Children with a picture of Ayatollah Khomeini in Tehran in 1979. Photo: Corbis
Children with a picture of Ayatollah Khomeini in Tehran in 1979. Photo: Corbis
Laura Secor.
Laura Secor.
But men like Soroush are only half the story. Secor observes that “the revolutionary regime had cultivated a garden it was ill-equipped to tend: young people, educated women, and new members of the middle class all challenged the Islamic Republic that had nurtured their growth”. She profiles, among others, cerebral and politically committed journalists Shahram Rafizadeh and Roozbeh Mirebrahimi, fearless student leader Ali Afshari, and Asieh Amini, who works against the death penalty for minors and against the continued practice of execution by stoning.

Secor, who lives in Brooklyn, covered Iran extensively for The New Yorker, The New York Times Magazine and other publications between 2005 and 2012. To be sure, the author’s focus falls mostly on Tehran.
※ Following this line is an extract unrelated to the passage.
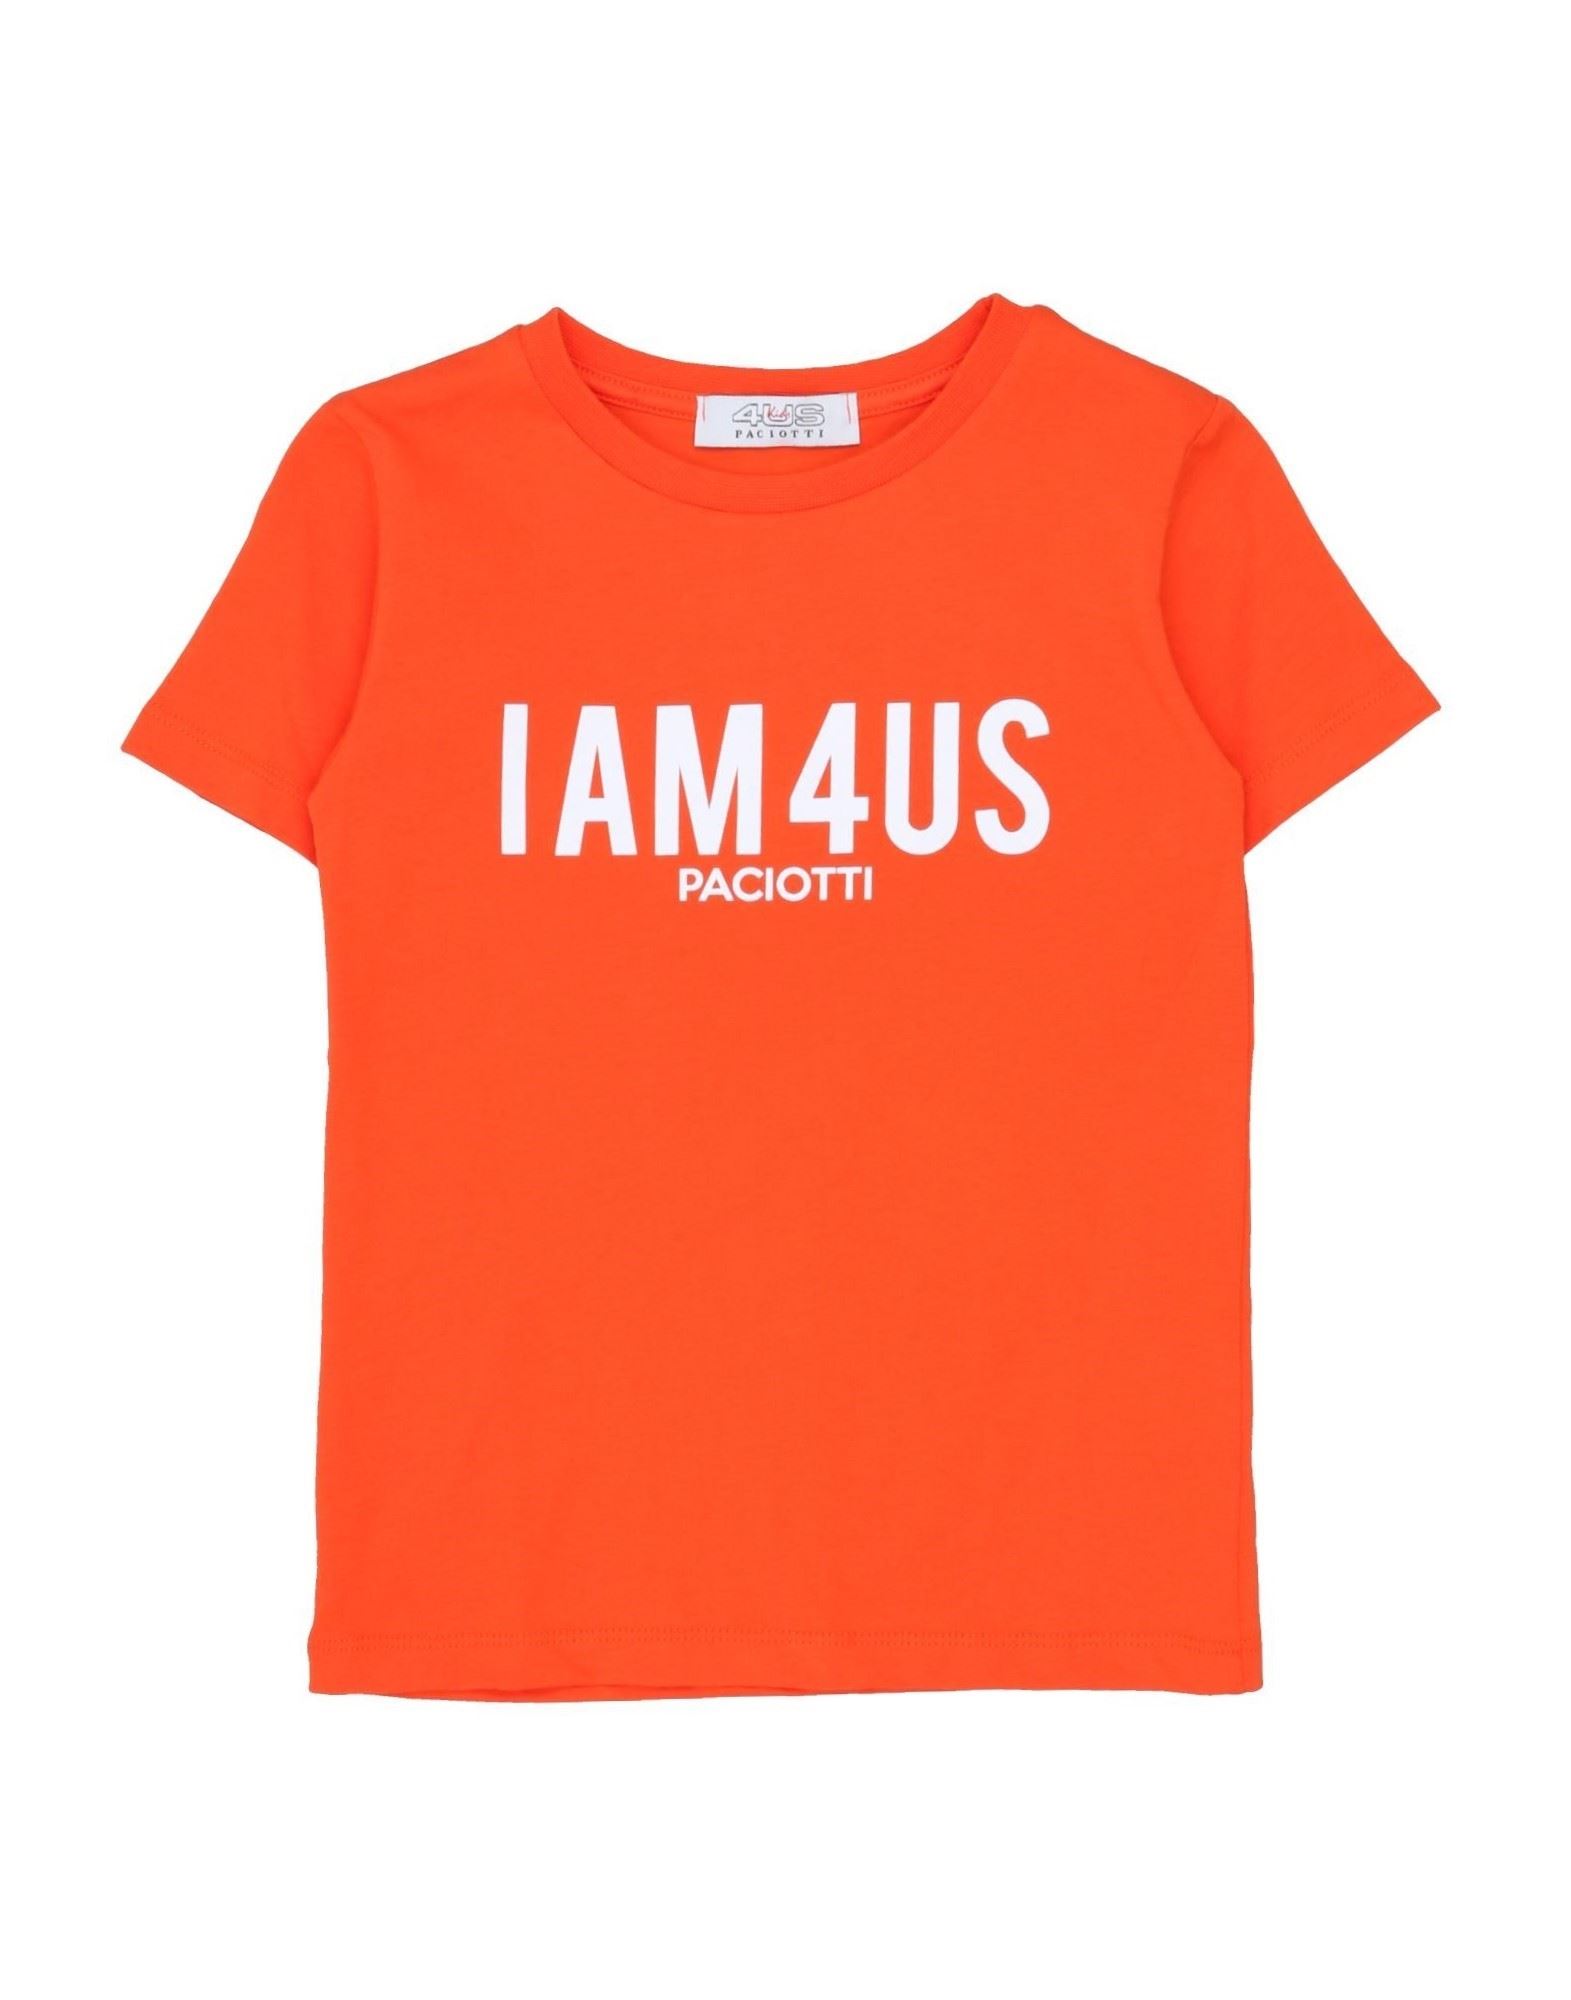 Cesare Paciotti 4us Kids'  T-shirts In Orange

And she fails to round out her narrative by surveying advocates of the regime, leaving the uninitiated with little grasp of the extent to which it enjoys popular support. Yet her coverage of dissident currents proves most informative and includes arresting portraits of well-known figures such as the late Ayatollah Ali Montazeri and unsung younger activists such as the bloggers who took the state to task for its complicity in the assassinations of dissidents. Reformists of both kinds hoped for great things with the election of Mohammad Khatami as president in 1997, but he proved timorous in the face of the hardliners.

A demonstration against the Shah in 1979. Photo: Corbis
A demonstration against the Shah in 1979. Photo: Corbis
Worse was to come. As Secor explains, the regime’s “determination to stave off a ‘velvet’ overthrow would become both paranoid fixation and carte blanche for internal repression”. Many of the younger people profiled by the author were jailed and tortured (some not for the first time) for having a connection to the “Green Movement”, which arose in reaction to the 2009 presidential election – widely perceived as rigged – that returned Mahmoud Ahmadinejad to power. Needless to say, the movement itself was mercilessly crushed.

It is worth considering the possibility that the Iranian state’s continued oppression of disaffected youth will drive more of them to outright secularism. Children of Paradise provides an account, at once comprehensive and intimate, of the varied forms of domestic opposition unintentionally engendered by the Islamic Republic. It is a substantive and deeply affecting work, and may one day boast the added historical value of providing a window into the political and intellectual arena of a pre-democratic Iran.